If I change to --hashseed=1811760511, then test_session_unicode passes every time.

msabramo commented 9 years ago

With pdb, I can see that the HTTP_AUTHORIZATION isn't even present in the WSGI environment:

> /Users/marca/dev/git-repos/httpie/.tox/py34/lib/python3.4/site-packages/werkzeug/wrappers.py(528)headers()
-> return EnvironHeaders(self.environ)
(Pdb) self.environ['HTTP_AUTHORIZATION']
*** KeyError: 'HTTP_AUTHORIZATION'
jkbrzt commented 9 years ago

Good detective work :) It's a bit of a mysterious bug. Any idea what the root cause could be?

msabramo commented 9 years ago

Not sure but I think there's a bug in Python 3.4's HTTP header parsing.
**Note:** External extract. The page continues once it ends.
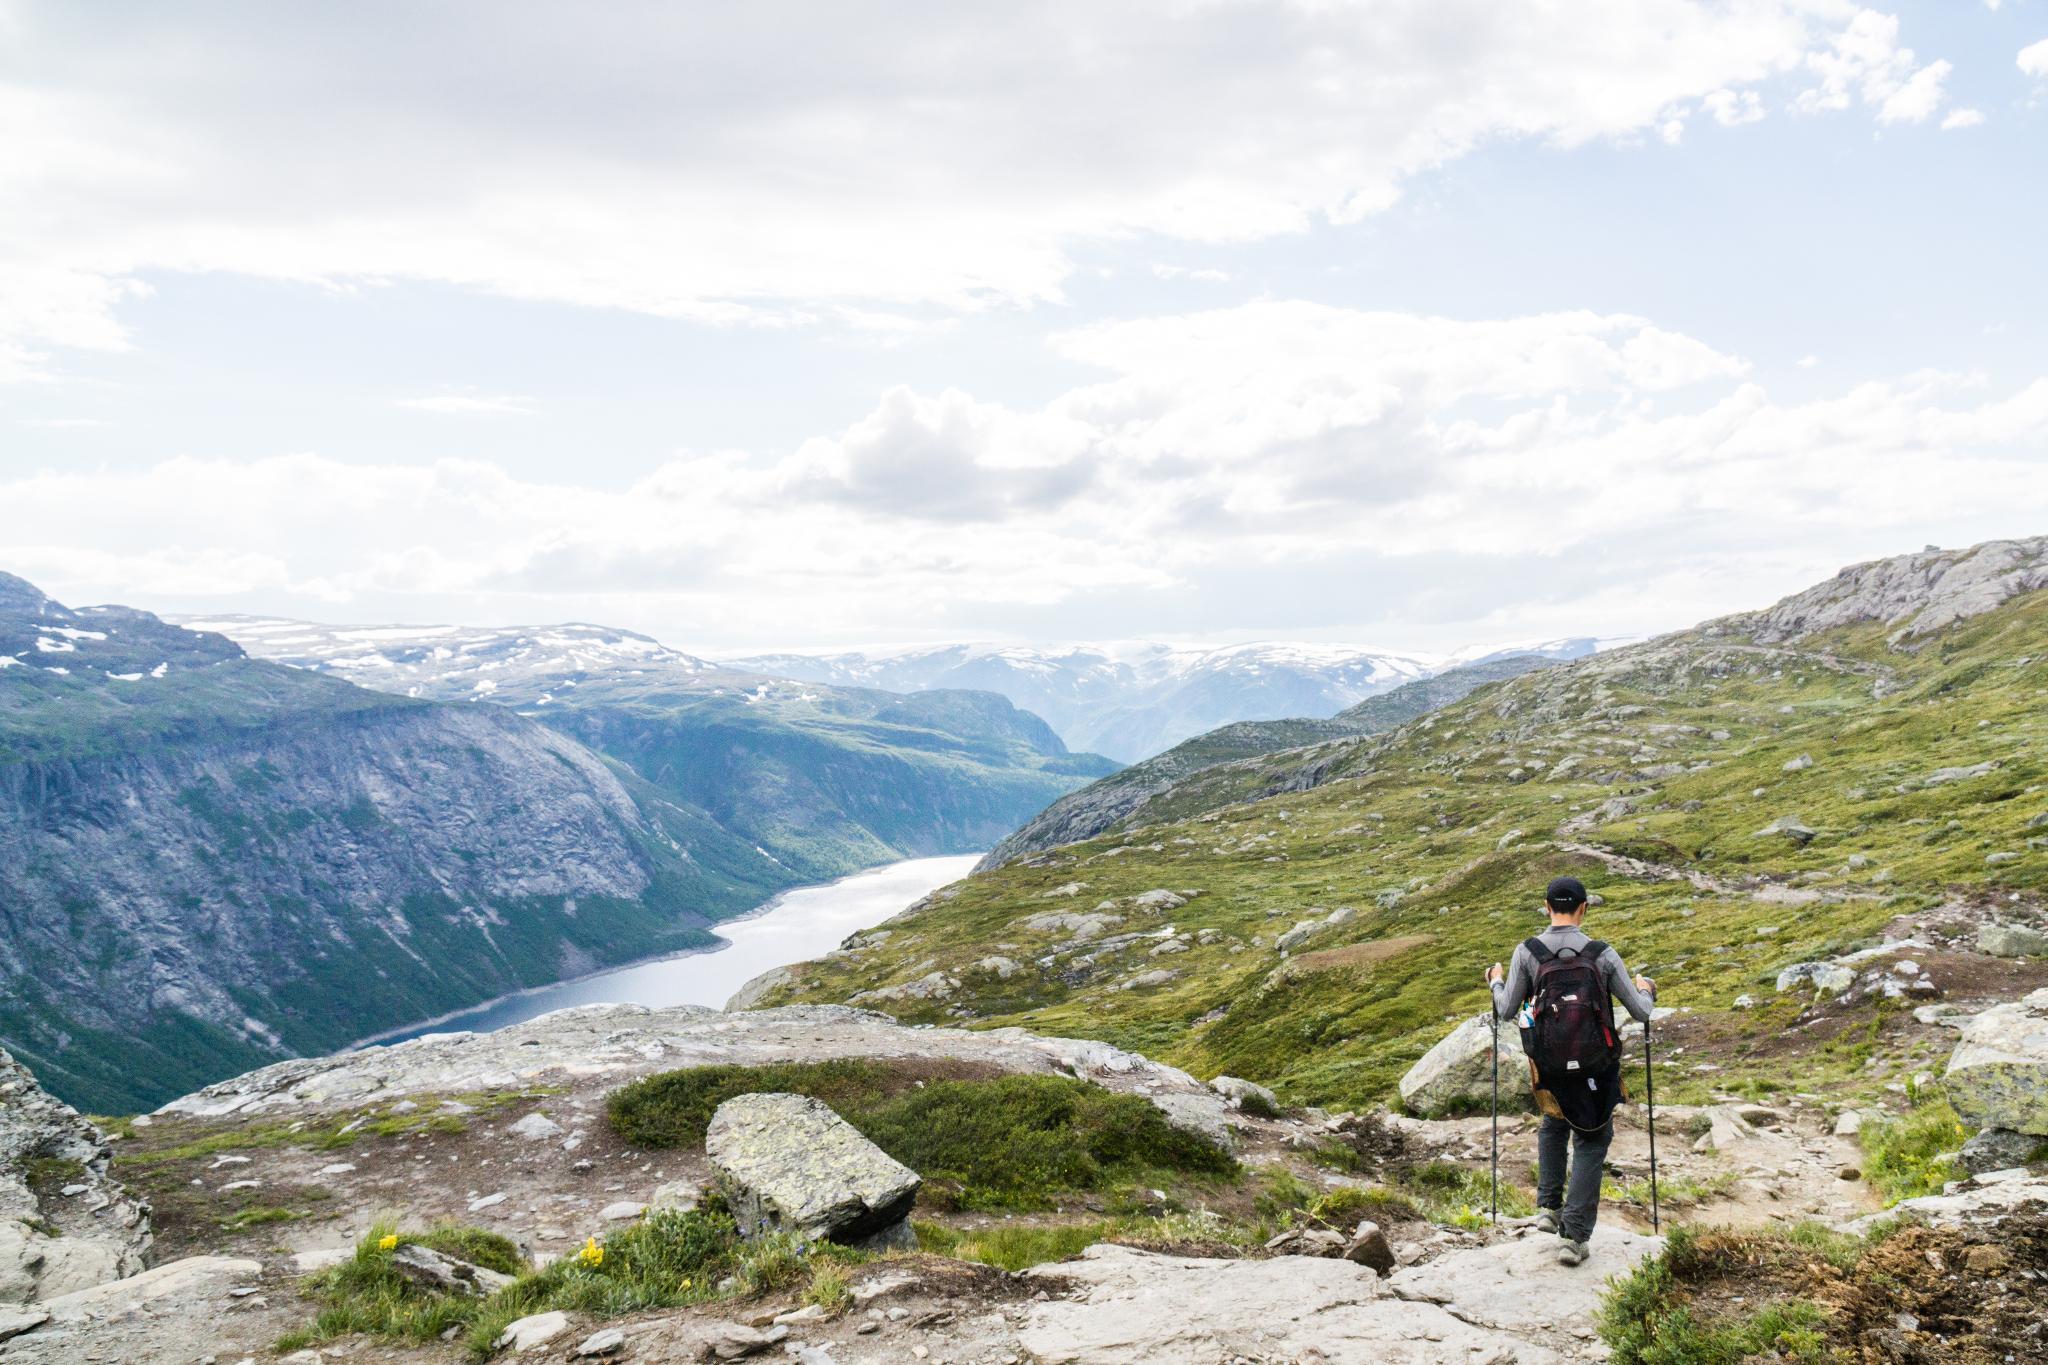 【北歐景點】挪威惡魔之舌 Trolltunga — 28公里健行挑戰全攻略 167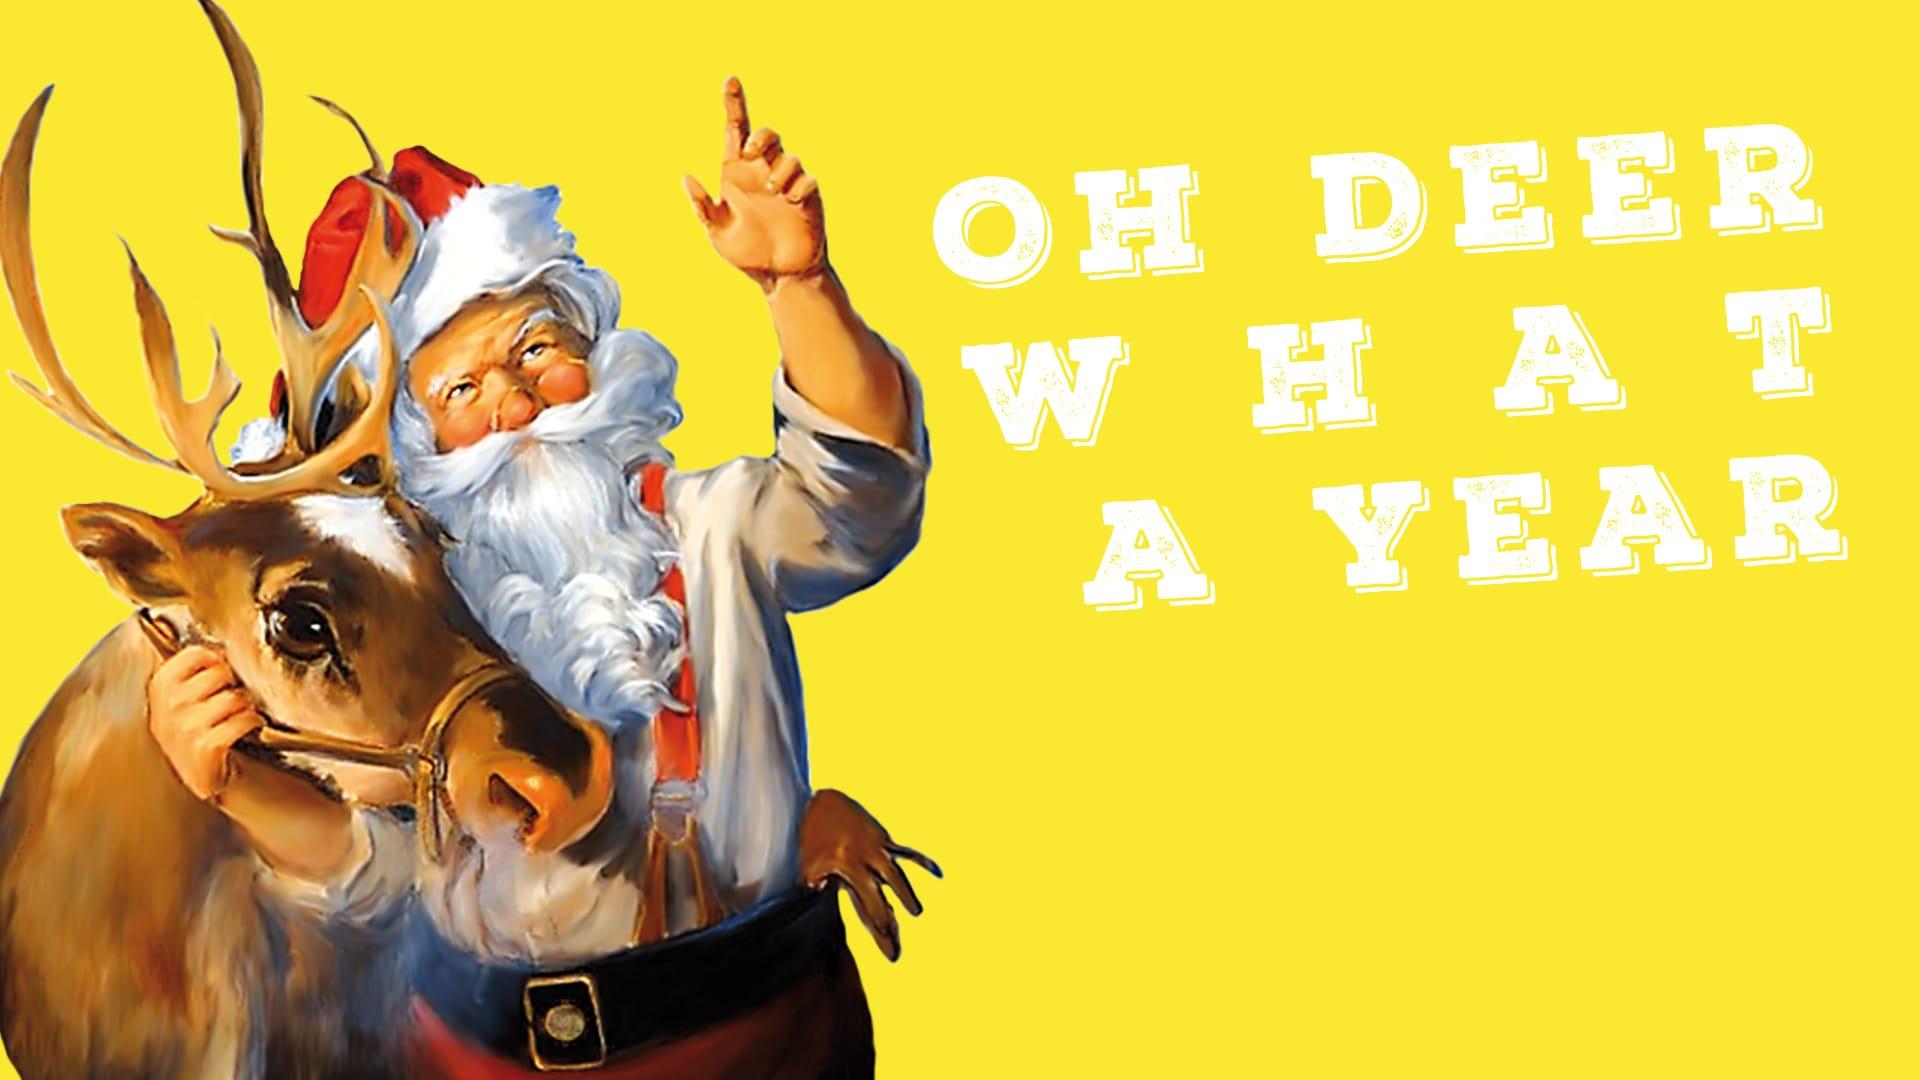 Oh deer what a year!Weihnachtsgrüße von kommunikativ

Check this out:

This in inside wsgiref when it has received a request with an Authorization header.

> /Library/Frameworks/Python.framework/Versions/3.4/lib/python3.4/wsgiref/simple_server.py(104)get_environ()
-> for k, v in self.headers.items():
(Pdb) str(self.headers)
'Host: 127.0.0.1:61463\nUser-Agent: HTTPie/0.9.0-dev\nAccept: */*\nTest: =?utf-8?b?W29uZSBsaW5lIG9mIFVURjgtZW5jb2RlZCB1bmljb2RlIHRleHRdIMOPwofDj8KBw48=?=\n\nÏ\x83αÏ\x86ὶ 太é\x99½ à¹\x80ลิศ â\x99\x9câ\x99\x9eâ\x99\x9dâ\x99\x9bâ\x99\x9aâ\x99\x9dâ\x99\x9eâ\x99\x9c оживлÑ\x91ннÑ\x8bм तानà¥\x8dयहानि æ\x9c\x89æ\x9c\x8b ஸà¯\x8dà®±à¯\x80னிவாஸ Ù±Ù\x84رÙ\x8eÙ\x91Ø\xadÙ\x92Ù\x85\nÙ\x80Ù\x8eبÙ\x86Ù\x90\nAccept-Encoding: gzip, deflate\nConnection: keep-alive\nAuthorization: Basic dGVzdDpbb25lIGxpbmUgb2YgVVRGOC1lbmNvZGVkIHVuaWNvZGUgdGV4dF0gz4fPgc+Fz4POsc+G4b22IOWkqumZvSDguYDguKXguLTguKgg4pmc4pme4pmd4pmb4pma4pmd4pme4pmcINC+0LbQuNCy0LvRkdC90L3Ri9C8IOCkpOCkvuCkqOCljeCkr+CkueCkvuCkqOCkvyDmnInmnIsg4K644K+N4K6x4K+A4K6p4K6/4K614K6+4K64INmx2YTYsdmO2ZHYrdmS2YXZgNmO2KjZhtmQ\n\n'
(Pdb) self.headers.items()
[('Host', '127.0.0.1:61463'), ('User-Agent', 'HTTPie/0.9.0-dev'), ('Accept', '*/*'), ('Test', '[one line of UTF8-encoded unicode text] Ï\x87Ï\x81Ï\x85')]

Note that you can see the Authorization header in the output of str(self.headers), but it's not showing up in self.headers.items().

msabramo commented 9 years ago

I am suspicious of the Test header:

('Test', '[one line of UTF8-encoded unicode text] Ï\x87Ï\x81Ï\x85')]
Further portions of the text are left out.